His daughter, ages 9 and 13, are in the care of the Department of Health and Human Services (HHS), where they’re safe, the hotline operators tell him. However, they can’t give out the girl’s information, stating that it’s confidential.

Instead, they tell him that he must wait for a case manager to contact him to begin the process of bringing them home. Earlier this week, the operator told him, “This is a situation that requires waiting, patience and serenity.” The father said that is how it always goes which frustrates him because he’s desperate to find his girls.

His daughters, like almost 20,000 other children in HHS care, recently migrated to the U.S. as part of a wave of unaccompanied minors that has stretched the limits of the U.S. immigration system. An HHS spokesperson said that at the start of this year, HHS was able to match one case manager to 12 children but the number of children per manager has increased as the agency scrambles to hire more people who can look after each child’s welfare and placement in homes with parents or sponsors.

For parents trying to find their children through the hotline, the system can already seem overwhelmed. Although an HHS spokesperson said the average wait time is less than one minute, lawyers and advocates say many calls are put on a long hold immediately after they are answered.

Dr. Amy Cohen, a child psychiatrist and executive director of Every Last One, an advocacy group helping the Guatemalan father said the father’s frustration and desperation are like what she has seen with many other parents who are living in the U.S. and trying to find their children. Cohen expressed, “We have dealt with hundreds in the past two months. We are getting calls from parents who can’t find their children. Traditionally, the parent would hear from their child or a case manager within a couple of days. Now they are going weeks and weeks without hearing from anybody.”

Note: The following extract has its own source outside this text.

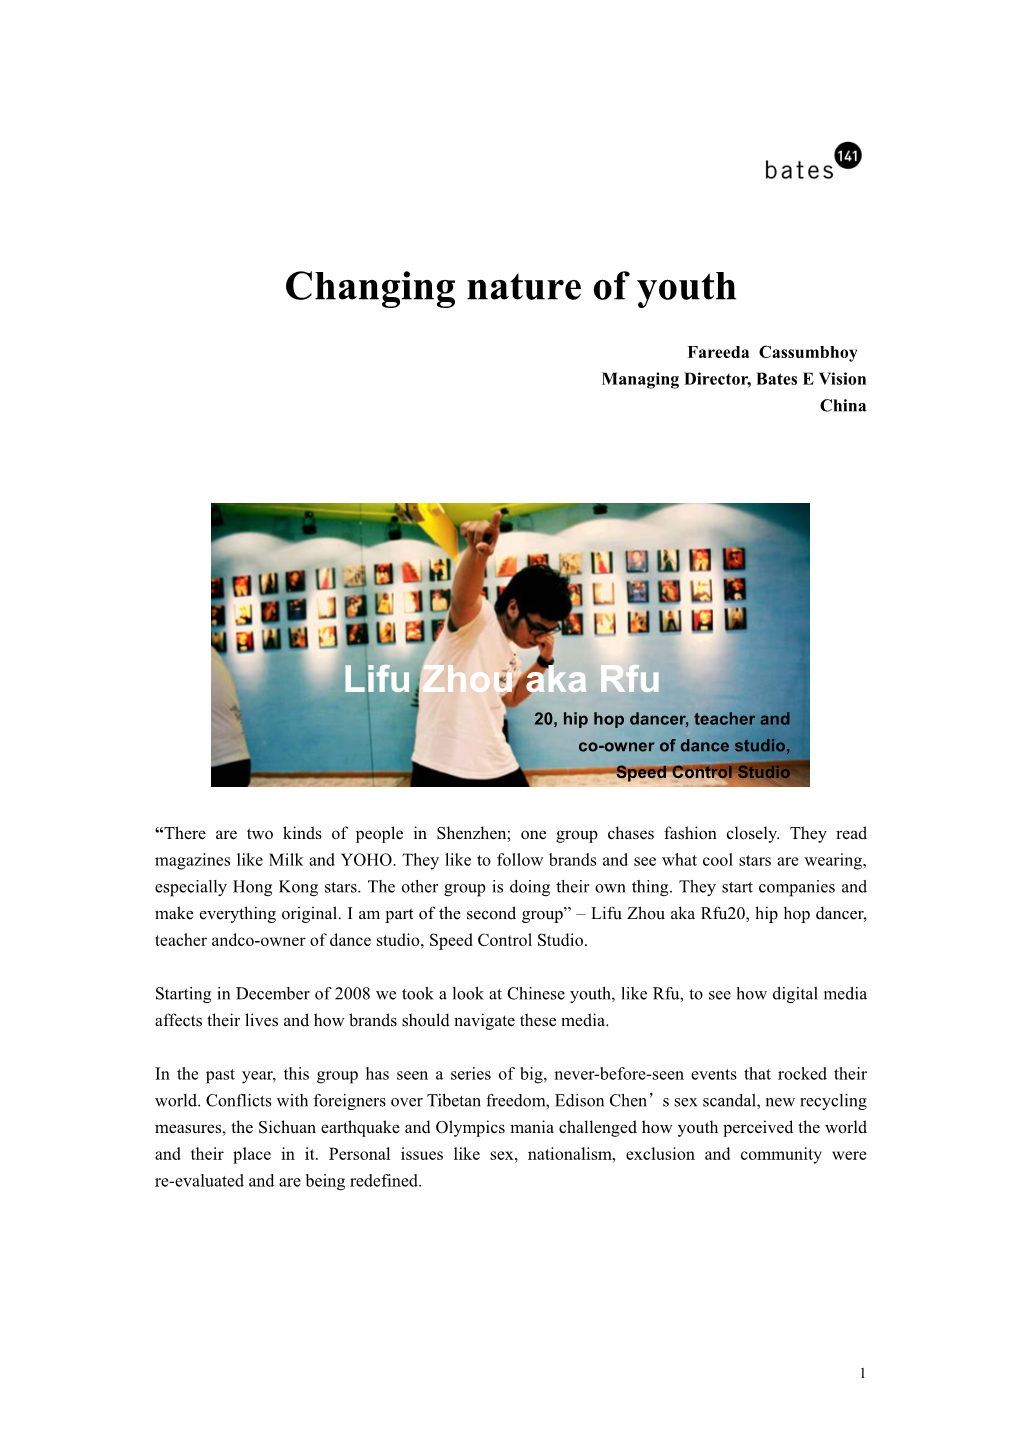 Changing Nature of Youth

For HHS, getting children into the hands of parents or sponsors is imperative to open new space to accommodate the growing number of children crossing the border and to alleviate backups in Border Patrol stations. Both, documented and undocumented parents are treated the same when it comes to reuniting with their children in HHS custody and the Biden administration has reassured that their information won’t be shared with the Immigration and Customs Enforcement.